I posted two comments on Paul Krugman’s Friday column on Trump and populism.

Then, in a reply to myself, as a nod to James Baldwin on the day of his birth, I posted the following quote from Cross of Redemption:

““What I’m trying to say to this country, to us, is that we must know this, we must realize this, that no other country in the world has been so fat and so sleek, and so safe, and so happy, and so irresponsible, and so dead for twenty years. For twenty years. No other country can afford to dream of a Plymouth, and a wife, and a house with a fence, and the children growing up safely to go to college and to become executivesand then to marry and have the Plymouth and the house, and so forth. A great many people do not live this way and cannot imagine it and do not know that when we talk about “democracy,” this is what we mean.””
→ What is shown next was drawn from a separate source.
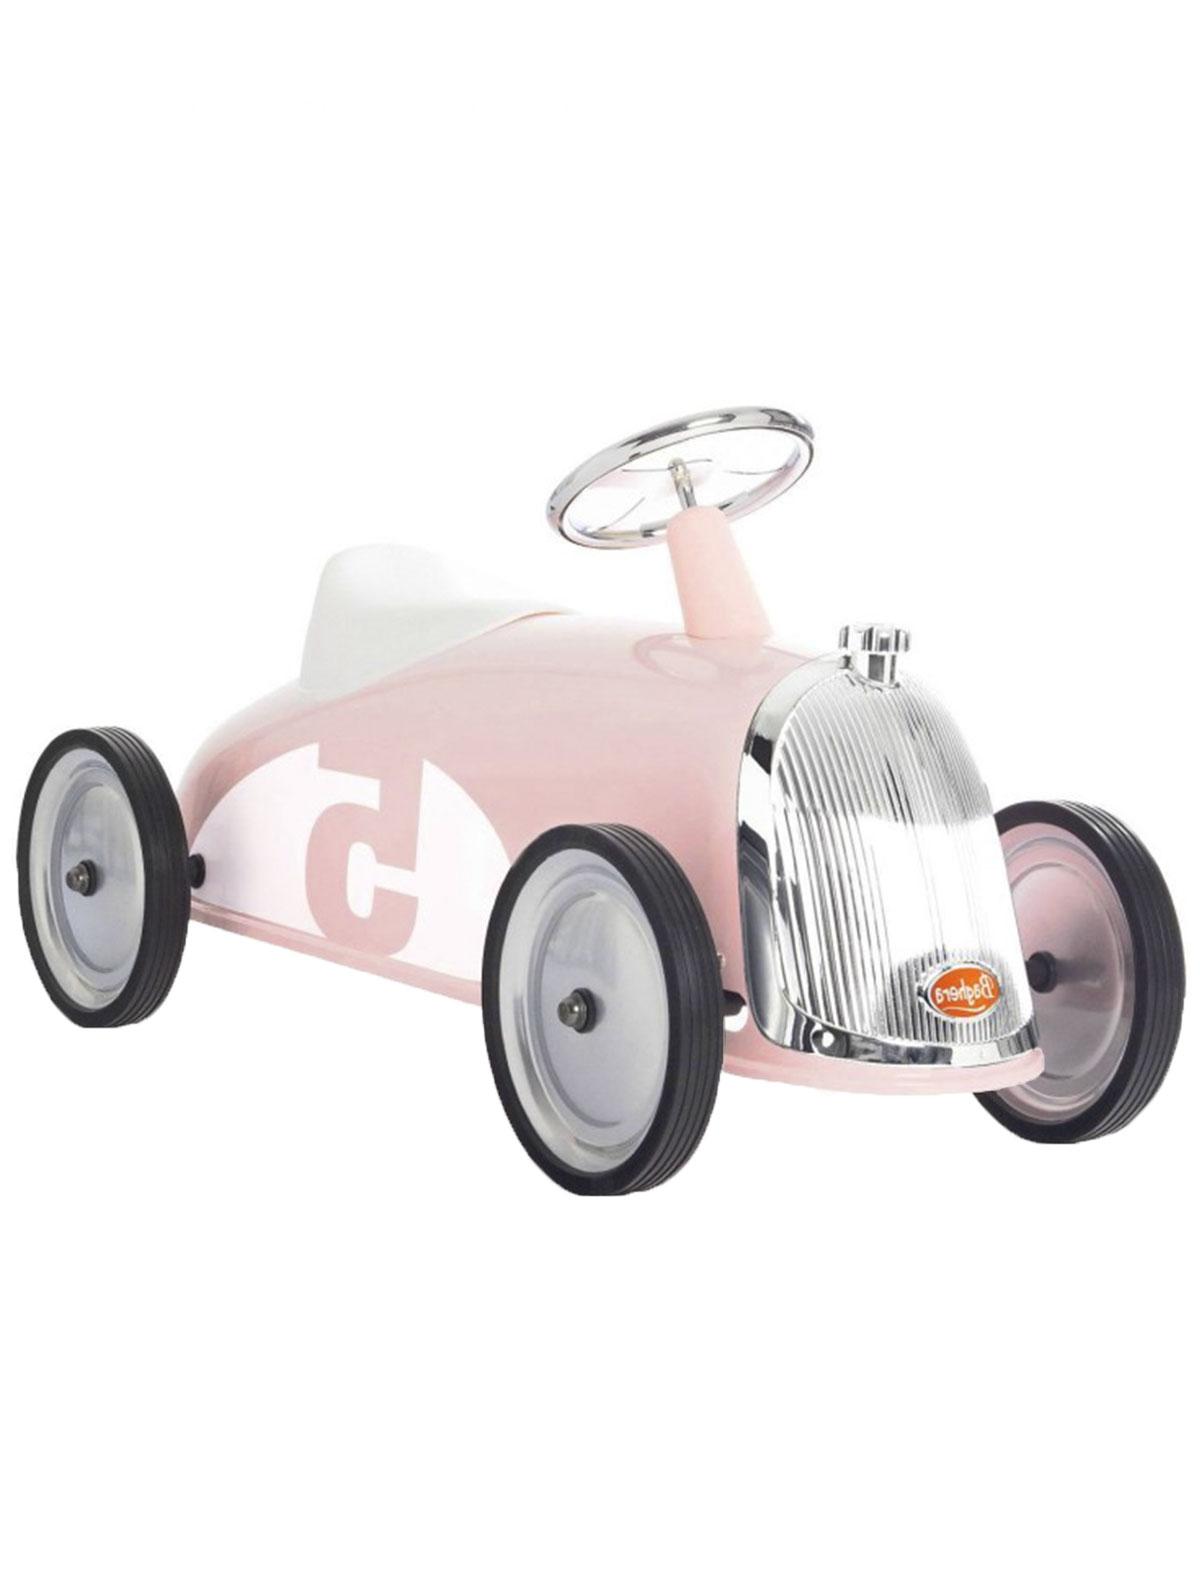 Купить 2269236, Игрушка Baghera, розовый, 7134520081287

That entire comment was removed. It’s so strange! There is nothing even vaguely controversial about the quote. In an era of waning democracy and unparalleled inequality, how much more appropriate a quote can one use? Right?
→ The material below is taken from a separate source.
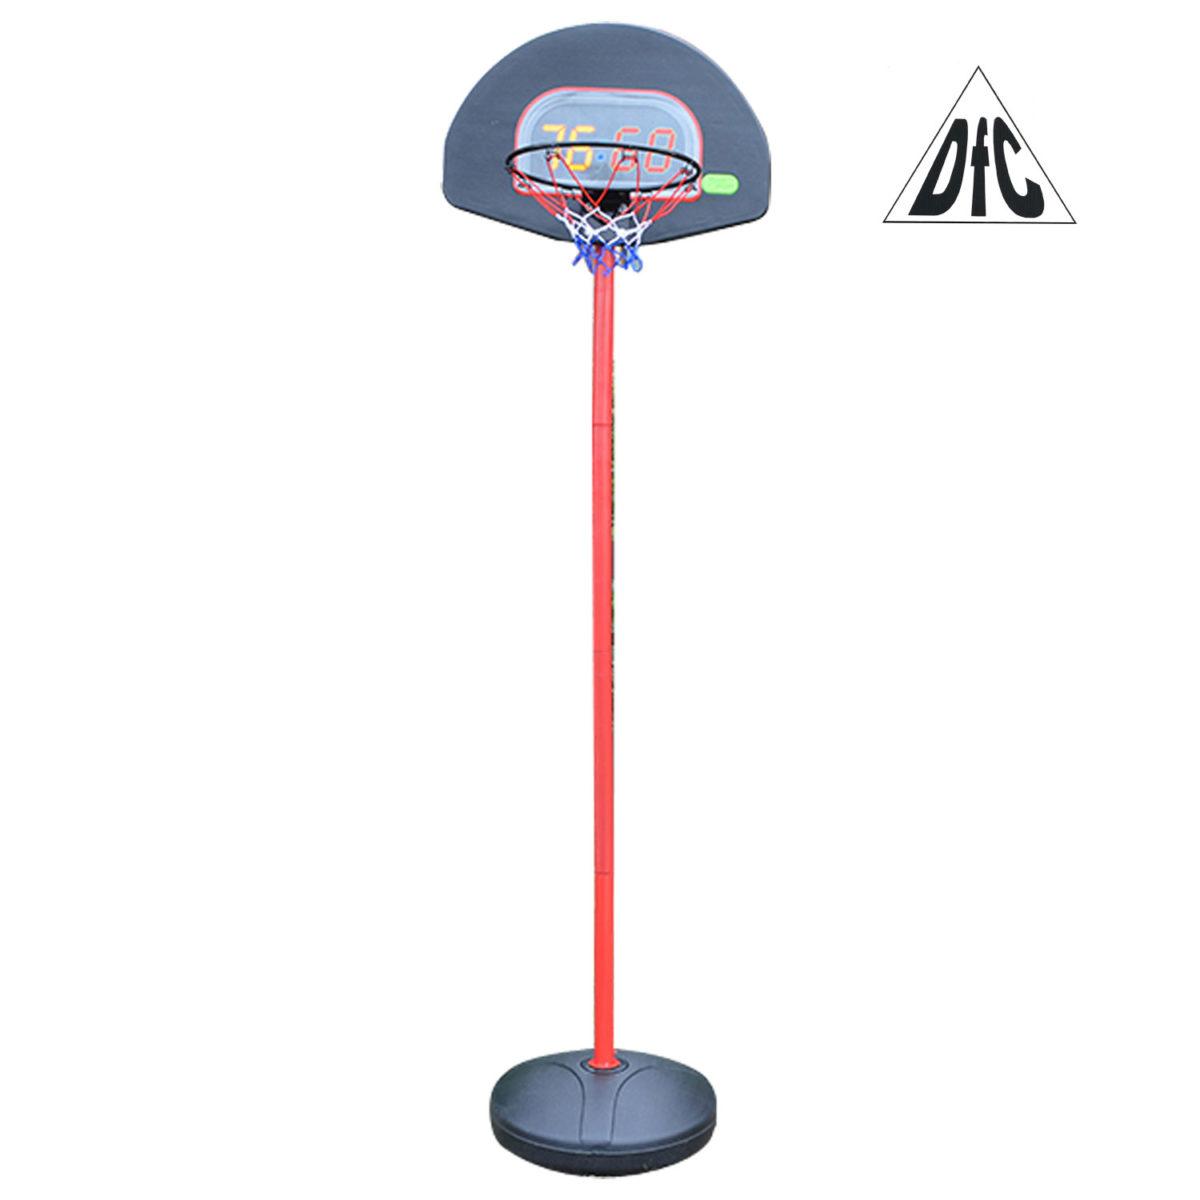 DFC Мобильная баскетбольная стойка  KIDS1 - 1

While I’m on the topic of the New York Times and commenting, here are a few tips to work the comment system. A lot of readers have been complaining about disappearing comments, replies to comments and recommendations that just won’t stick.

On disappearing replies:

They’re not gone.

Absolutely all replies are only visible when one clicks the time stamp link next to the poster’s name and then reloads the resulting page.

Until today, you could only see three replies to any comment either on a desktop browser or on mobile. Now, you can only see replies if you are in the “All” comments view. If you look at Readers’ Picks, you may or may not see any replies or only a portion. If you click on the timestamp, you need to reload and you will then see replies and a different number of recommendations. Absolutely all replies are only visible when one clicks the time stamp link next to the poster’s name and then reloads the resulting page.

I have no recommendations on how to get recommendations to stick. There have been many times in recent months when I’ve liked a comment I replied to and felt bad my recommendation repeatedly failed to register.

This kinda goes with the times we live in… Normally, I’d fire off an email to the person in charge of commenting. I’m tired and my wrist is killing me.


“It comes as a great shock to discover that the country which is your birthplace and to which you owe your life and your identity, has not, in its whole system of reality, evovled any place for you. The disaffection, the demoralization, and the gap between one person and another only on the basis of the color of their skin, begins there and accelerates – accelerates throughout a whole lifetime – to the present when you realize you’re thirty and are having a terrible time managing to trust your countrymen. By the time you are thirty, you have been through a certain kind of mill. And the most serious effect of the mill you’ve been through is, again, not the catalog of disaster, the policemen, the taxi drivers, the waiters, the landlady, the landlord, the banks, the insurance companies, the millions of details, twenty four hours of every day, which spell out to you that you are a worthless human being. It is not that. It’s by that time that you’ve begun to see it happening, in your daughter or your son, or your niece or your nephew.”

95 million losers and counting… That’s me.